Болит голова, я не нахожу себе места. Отец просил передать, что мы сегодня идем в театр, чтобы я была готова. Я не пойду.
Почему так тянется день? Скорей-скорей пусть он пройдет.
* * *
Первый вопрос Шии был:
— За кого вы голосовали в прошлый раз? Я не помню, за кого, но я сказала, что за левых.
Он был рад. Несколько минут что-то обдумывал, потом сказал:
— Послушайте, Лия. Вы теперь можете быть полезной. Нам нужны люди... много людей... Творят революцию, она не делается сама по себе...
Я обрадовалась этим словам: творят революцию... Я могу быть полезной... Мне кажется, что я до сих пор еще слышу эти слова. Шие сразу же ушел. Он занят.
Я всю ночь провела у Шии. Чувствую, что он стал мне еще ближе, совсем родной. Дома никого нет. Со вчерашнего дня разыскивают меня по городу. Я еще успею собрать необходимые вещи и уйду, чтобы никто меня не увидел.
Я ухожу к Шие.
ЧАСТЬ ТРЕТЬЯ
I
СПОКОЙНЫЙ ОАЗИС
Люди потянулись к городу, они шли по всем дорогам.

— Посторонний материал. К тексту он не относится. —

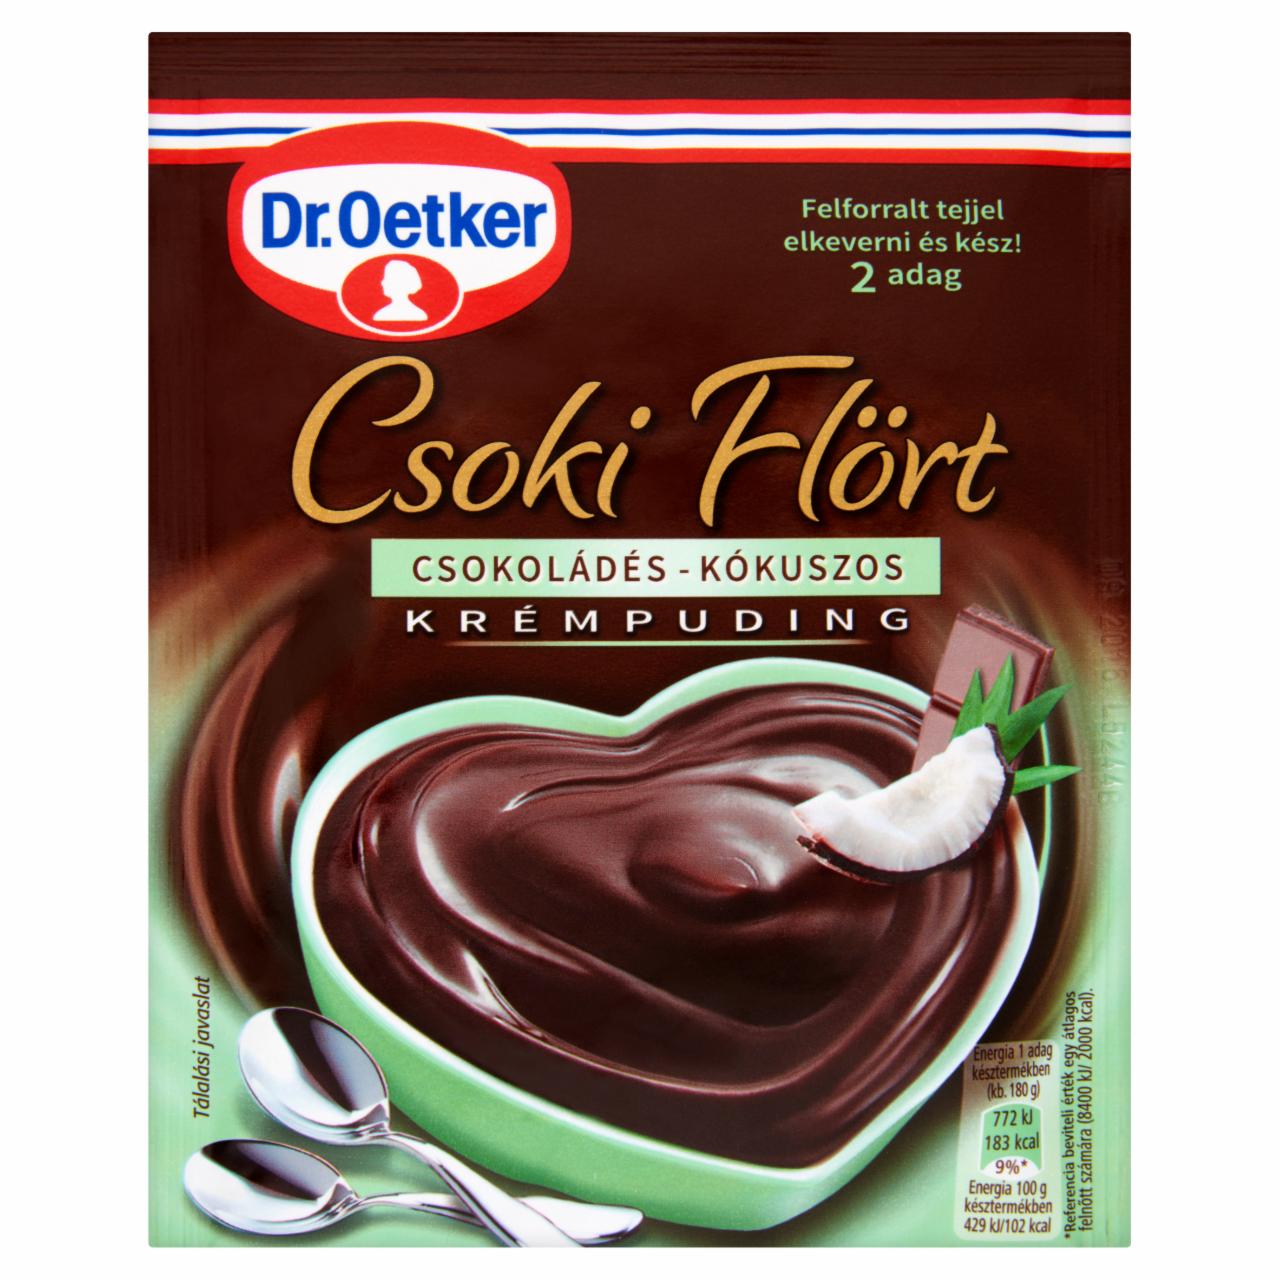 Képek - Dr. Oetker Csoki Flört csokoládés-kókuszos krémpudingpor 60 g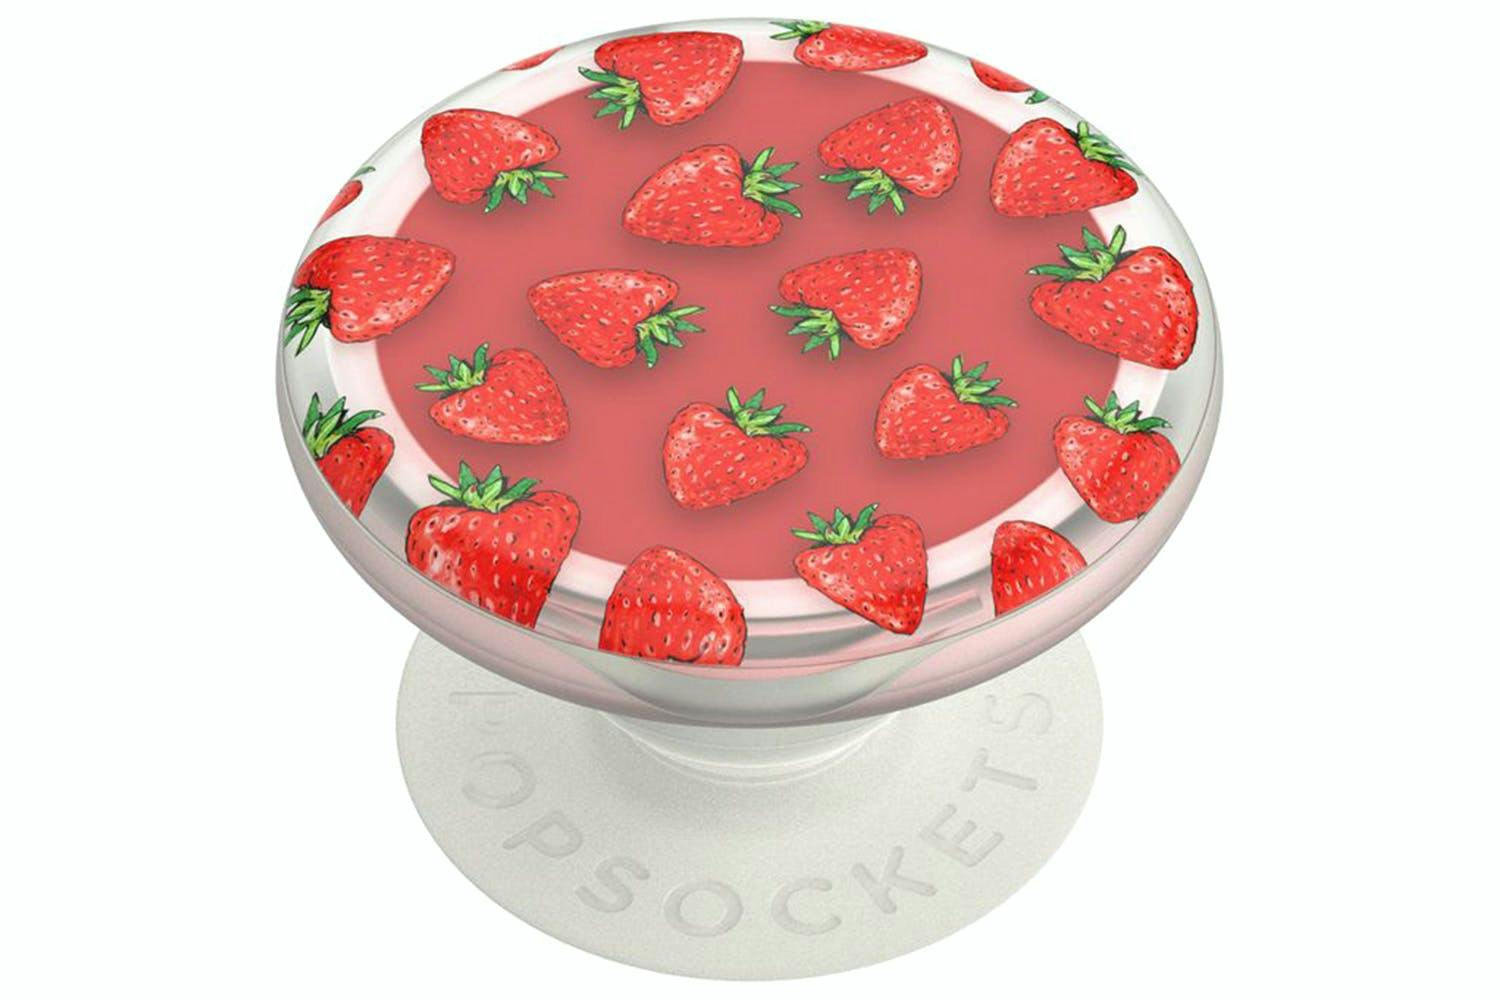 PopSockets PopGrip Lips Strawberry Feels

Он был для всех светлой надеждой. Город, который обеспечит добрую старость, даст покой после годов тюрьмы, войны, революции.
Когда-то их деды и отцы переживали такое чувство, когда они уезжали в святую землю, чтобы остаток лет прожить там, чтобы после смерти лежать спокойно в своей могиле на родной земле, а не катиться по всем подземельям в час страшного суда.
Точно так многие еврейские социалисты и демократы теперь бежали от разбушевавшейся стихии в тихий, старый город, сохранивший древнее гетто, поросшее от времени, плесенью и мхом.
И символом убежища для жаждущих покоя стал лирический уголок в доме Лондона. Там люди встречались, беседовали о литературе, о еврейской литературе. И называли этот уголок — спокойный оазис.
— Покоя. Дайте нам отдохнуть.
Если бы лозунг этот окрасить в черный цвет, его легко можно было, бы повесить над кладбищем, но людям он по старой привычке все еще казался красным. Но разве можно погасить огромную печь, выплеснув в нее расплавленный металл.
В действительности же эти люди целыми днями нервно и возбужденно рассуждали о разных партиях, боролись, спорили и лишь по нонам, жадный до отдыха, заключали мир. Тогда говорили о литературе, ибо верили, что литература объективна и беспартийна.
Первым почти всегда приходил сюда самый младший. Его вылинявшая котиковая шапка была сдвинута набок, и это должно было означать, что он принадлежит в богеме. Свое литературное творчество он стеснялся показывать и всегда отрекомендовывался политиком. Вот уже долгие месяцы, годы он пишет большой автобиографический роман в надежде, что критика сравнит его произведение с толстовским «Детством». А пока он каждый четверг читает доклад в поалейционистском клубе и каждый понедельник руководит кружком.
За ним почти всегда приходил вспотевший, запыхавшийся поэт с рыжими кудрями. Он обеими руками поправляет свои кудрявый волосы и обычно спрашивает:
— Товарищ Нилевич, как обстоят дела с вашим романом? Говорят — вы пишете роман.
— Мой роман, мой роман! Он слишком широко задуман и глубоко взят, чтобы я мог так быстро закончить его. Я вообще больше не хочу писать. Вы знаете, я бы теперь мог писать всемирную историю. Я бы теперь... да, вы знаете, я еду в университет.
Он давно мечтает быть студентом, чтобы, заполняя анкету, вписывать: студент философии или студент медицины.
Своим обычным жестом он потер кончик замерзшего носа. Он собирался рассказать поэту с рыжими кудрями о своей мечте, но прибывают люди, и он вынужден молчать.
Последним приходил Виленский — критик с впавшими щеками, на лице которого всегда было выражение острой язвительности и нос которого был похож на сломанный клюв. Тонкие, женские губы его совершенно западали, когда он молчал. Он, с его черными длинными усами и короткой седой бородой, становился центром общества.
Все разговаривают обдуманно и осторожна, чтобы не дать повода критику колко высмеять чью-либо глупость.
Сам же Виленский весел и доволен.
Он знает, что внутри его день ото дня растет холодная пустота от больших знаний и малой веры, а потому, он честен с собой, ничему не удивляется и не радуется. Даже совесть, честно служившая ему, сгорает, везде холод. И Виленский улыбается своей острой, как нож, улыбкой.